It’s difficult to say whether Coco Safar is an espresso bar, coffee emporium, patisserie, café, microbrewery, or restaurant because, well, it’s all of them! Tucked away in the Artem Centre on cosmopolitan Seapoint’s main drag, this rabbit warren of high-end spaces offers guests a kalaeidescopic food and beverage experience, from coffee tasting at the Capsule Emporium and fine dining in the restaurant to blow-your-socks-off couture patisserie in their Luxury Café.
Most of what Coco Safar offers guests pivots around extraordinarily fine coffee and tea from exotic locations all over the world, such as South America, Indonesia, and Africa. Here, you don’t “take milk in your coffee” – you pair your coffee with milk – and asking for sugar is likely to get you face-melting looks from the barista. This place is serious about coffee!
Previously, to accompany the quality brews made in its espresso bar and microbrewery, Coco Safar, which means luxury journey (think “safari”), offered guests a smorgasbord of fine pastries, hot breakfasts, and lunches in their restaurant and café. Now, they’ve added a whirlwind prix fixe dinner experience to their extensive offering, available from Tuesdays to Saturdays from 18:00 onwards.
How it works
Coco Safar’s prix fixe dinner consists of a four (R395) or five-course (R495) experience, which takes guests on a tour of the establishment’s various spaces and operations. The first course is taken at the microbrewery opposite the restaurant, where Coco Safar brews and bottles its fermented tea and coffee beverages. Served on a flight, much like a craft beer tasting, guests embark upon their “luxury journey” with an interesting fermented tea and coffee tasting hosted by a mixologist.
From here, you’re escorted back to the restaurant where you can take a seat for the second half of your first course – two vegetarian steamed bao buns, followed by courses number two, three, and four (starters, mains, and desserts) or courses two and three (starters and mains) if you’ve only opted for the four-course prix fixe option.
My favourites were the grilled cauliflower steak in a velvety leek velouté, oat and olive crumble, and cap a of crispy pecorino cheese (starters); slow-cooked smoked brisket, caper pomme puree, braised cabbage, pea puree, lightly pickled cucumber, and baby carrots (mains); and absolutely exceptional “Botanical” dessert of olive oil ganache and mint panna cotta on a sponge, pickled apple and cucumber, apple and lemon thyme ice cream, fennel and micro coriander salad, and frozen yogurt powder.
The final course
The experience concludes at the Coffee Emporium, where a trained and highly knowledgeable barista serves up the final course. Guests are given a choice of one of Coco Safar’s coffee or tea blends, an espresso shot of which is then poured over a thin slice of cake for a final sweet treat.

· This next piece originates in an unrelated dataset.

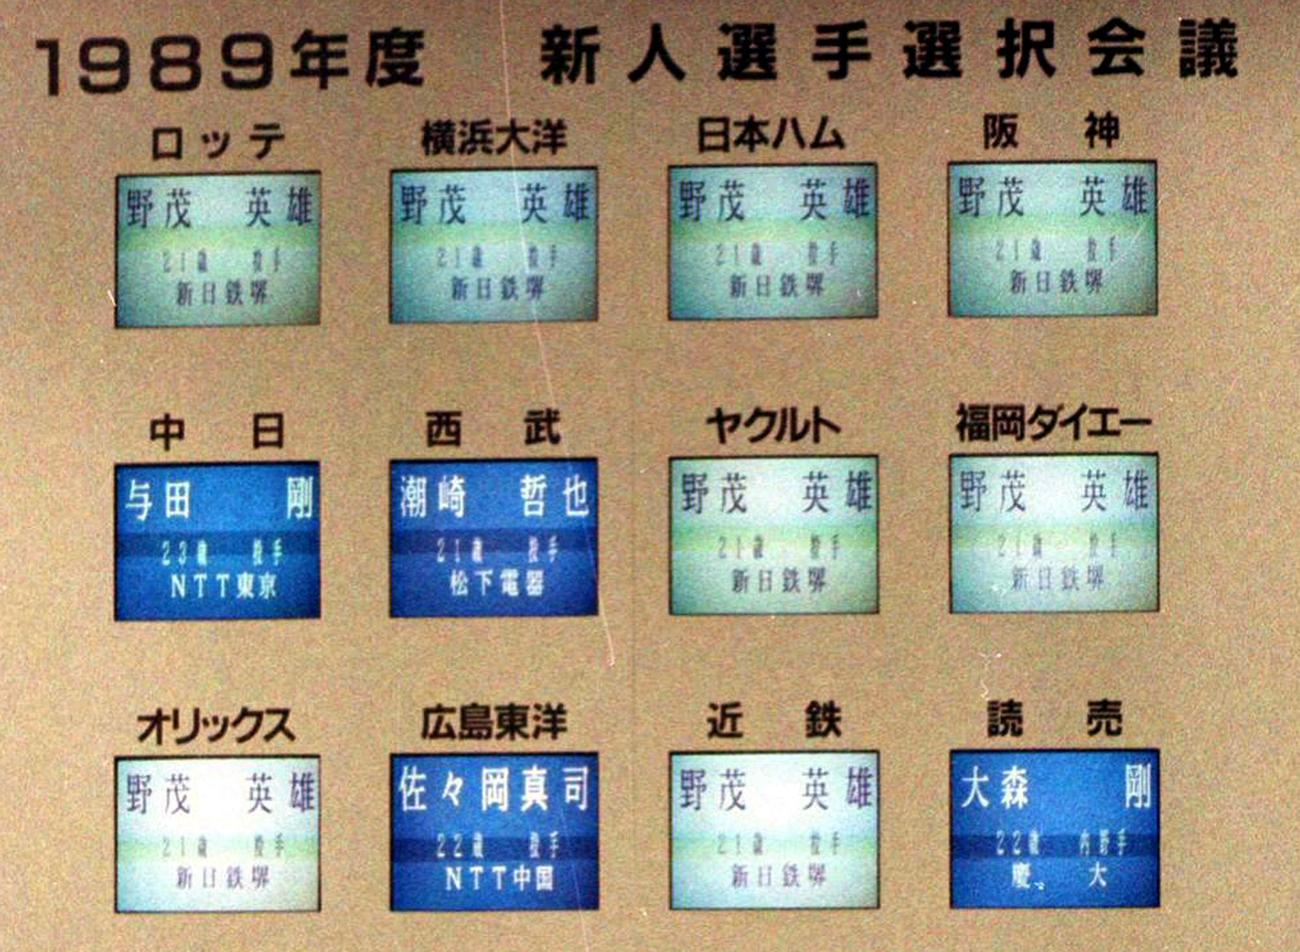 1989年11月26日、ドラフト会議で8球団が野茂英雄を1位指名した

Now, it was only at this late stage that I came to understand the whole Coco Safar concept – an introduction that would have been very welcome at the beginning of the evening. Until this point, I had felt as though I had been tossed about from one thing to the next without any clear concept, narrative, or direction… like a wayward boat on a choppy ocean. But the cheery barista explained that the multi-course dinner experience is intended to take guests on a luxury food and beverage journey, starting at the microbrewery, moving through the restaurant, and concluding with what Coco Safar is best known and loved for: fine coffee.
We were never actually given a cup of coffee, which confused the pants off me, but the food, service, and wine was absolutely excellent and the experience, overall, very interesting.
There’s a lot to be said for establishing a narrative for guests to follow, especially if your offering is a complex one. On their own, each facet of the Coco Safar experience is truly wondrous; I only wish these had been stitched together with a more coherent narrative, but perhaps this is something that will come with time. The offering is a new one, after all.
With that said, the food was absolutely delicious, the wine selection impressive, the service enthusiastic and attentive, and the setting, exceedingly romantic in an old African hunting lodge meets moody Parisian café kind of way. In other words, it’s a place, I imagine, that Ernest Hemingway would have loved.